3. Change the hostnames to es-client-01, es-master-01 and es-data-01 to match the client, master and data node roles.

4. Edit /etc/hosts file of all the nodes and make entries for all the nodes for the hostnames as shown below. Change the IP addresses with the IP addresses of your VM’s.

192.168.4.40			es-client-01
192.168.4.41			es-master-01
192.168.4.42			es-data-01

The above configuration is very important because we will be using the hostname for the nodes to communicate with each other.

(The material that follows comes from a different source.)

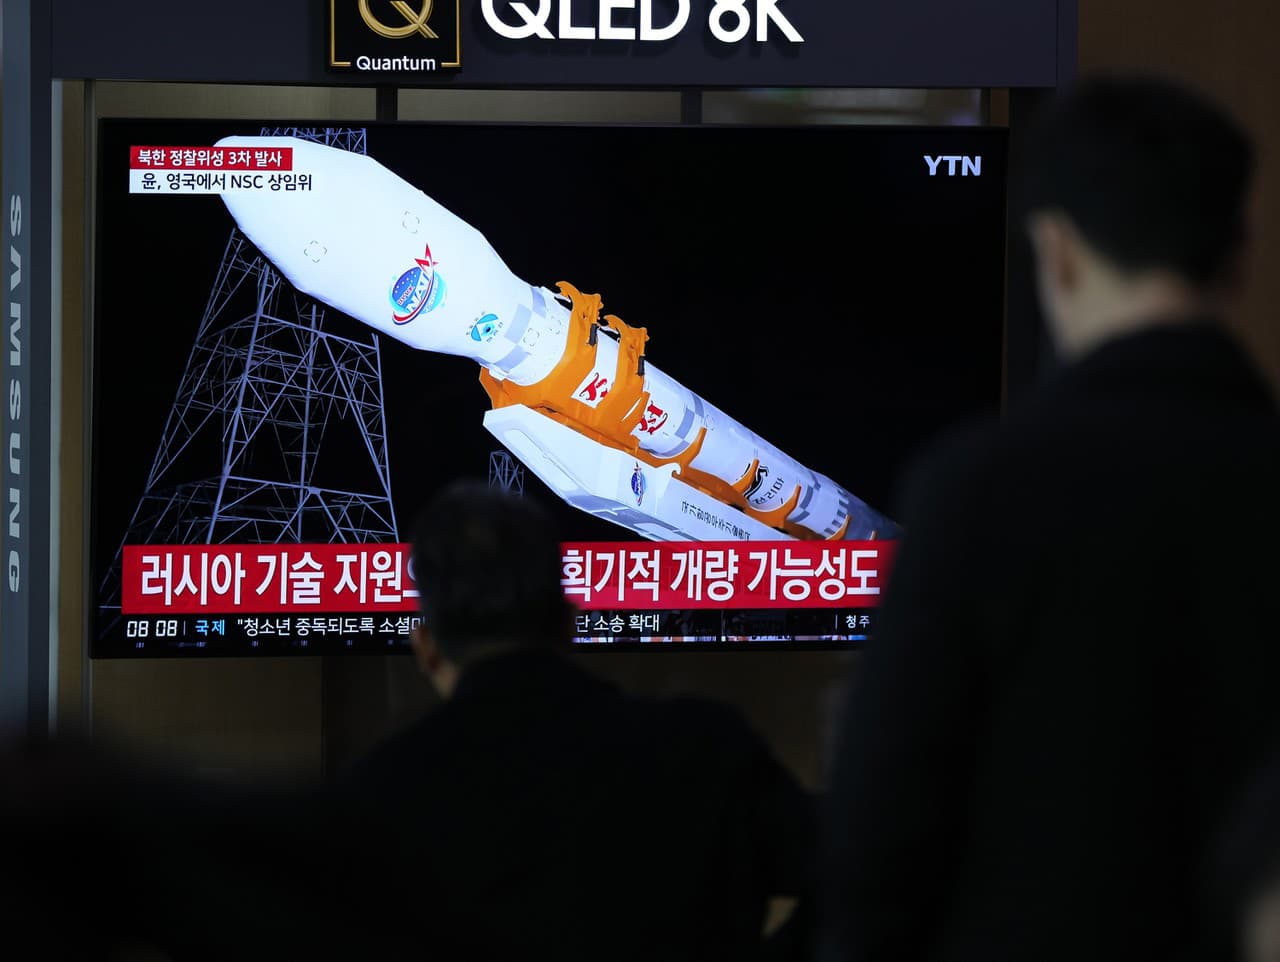 Na televíznej obrazovke sa zobrazuje správa o tom, že Severná Kórea vypustila špionážny satelit na obežnú dráhu pri svojom treťom pokuse o vypustenie v tomto roku počas spravodajského programu na železničnej stanici v Soule v Južnej Kórei v stredu 22. nov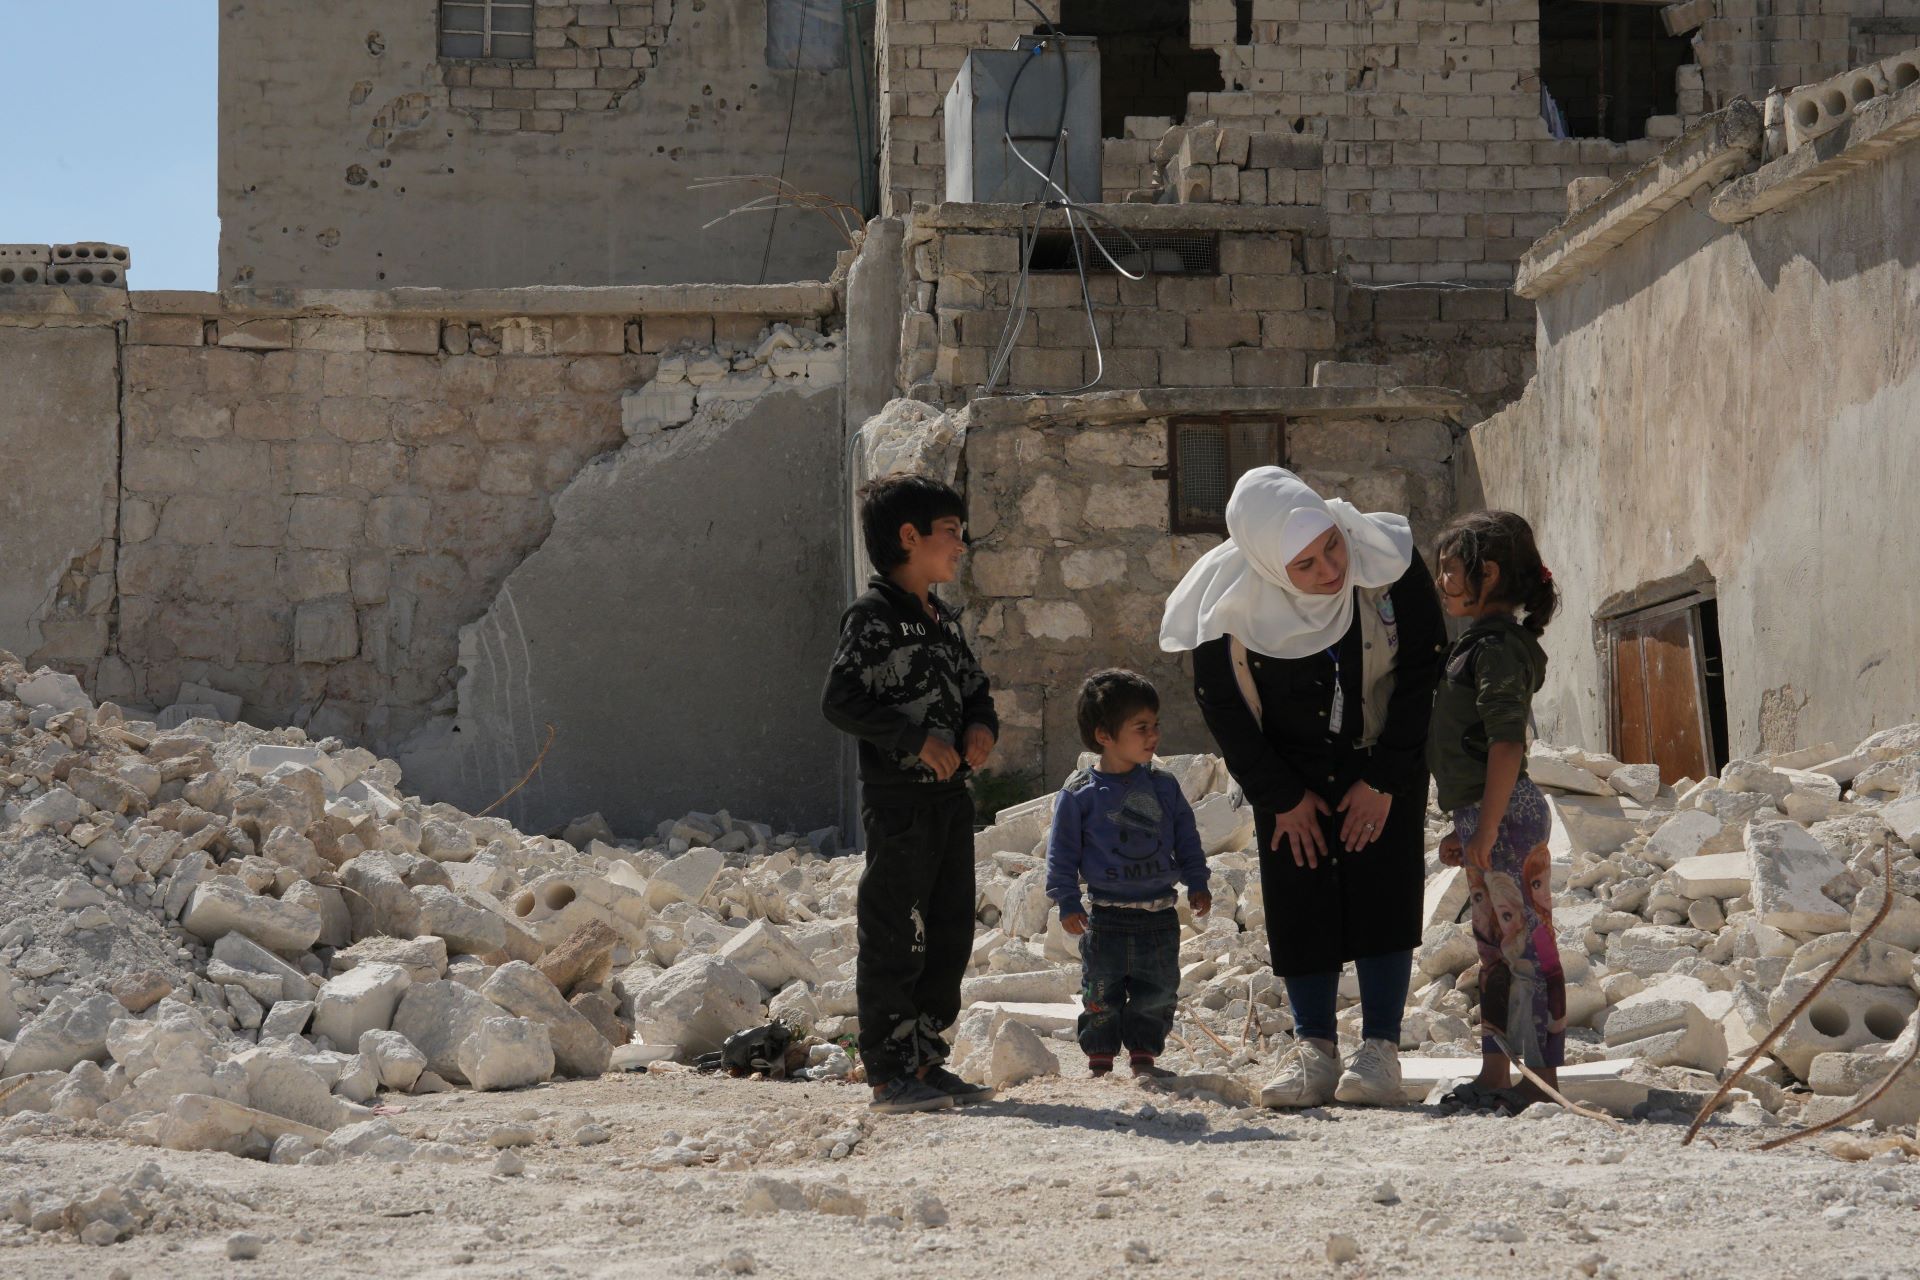 Das Bild zeigt die Bonyan-Helferin Sana umgeben von drei Kindern unterschiedlichen Alters. Sie stehen inmitten von Trümmern, Sana beugt sich zu einem der Kinder hinunter.

Setting up Client Node (es-client-01)

Now we have the base VM. Let's start with elastic search configuration.

Install Latest Java

Elasticsearch needs java runtime as its core is java. You can install the latest java version by executing the following commands.

Add the official oracle java repository.

sudo add-apt-repository ppa:webupd8team/java

2. Now, refresh the package list.

sudo apt-get update

3. You can now install java using the following command.

sudo apt-get install oracle-java8-installer

4. Once installed, verify the installation by checking the java version.

java -version

Install Elasticsearch

1. Download the elasticsearch installation file

https://download.elasticsearch.org/elasticsearch/release/org/elasticsearch/distribution/deb/elasticsearch/2.2.0/elasticsearch-2.2.0.deb

Note: At the time of writing, the release of elasticsearch is 2.2.0

2. Install the downloaded package.

Note: If you have downloaded any version other than 2.2.0, change the package name accordingly.

sudo dpkg -i elasticsearch-2.2.0.deb

3. Start the elasticsearch service.

sudo service elasticsearch start

4. Our node es-client-01 has elasticsearch service running and we will consider as the client node. Also, you need to set elasticsearch to start automatically on bootup. Use the following command to do that.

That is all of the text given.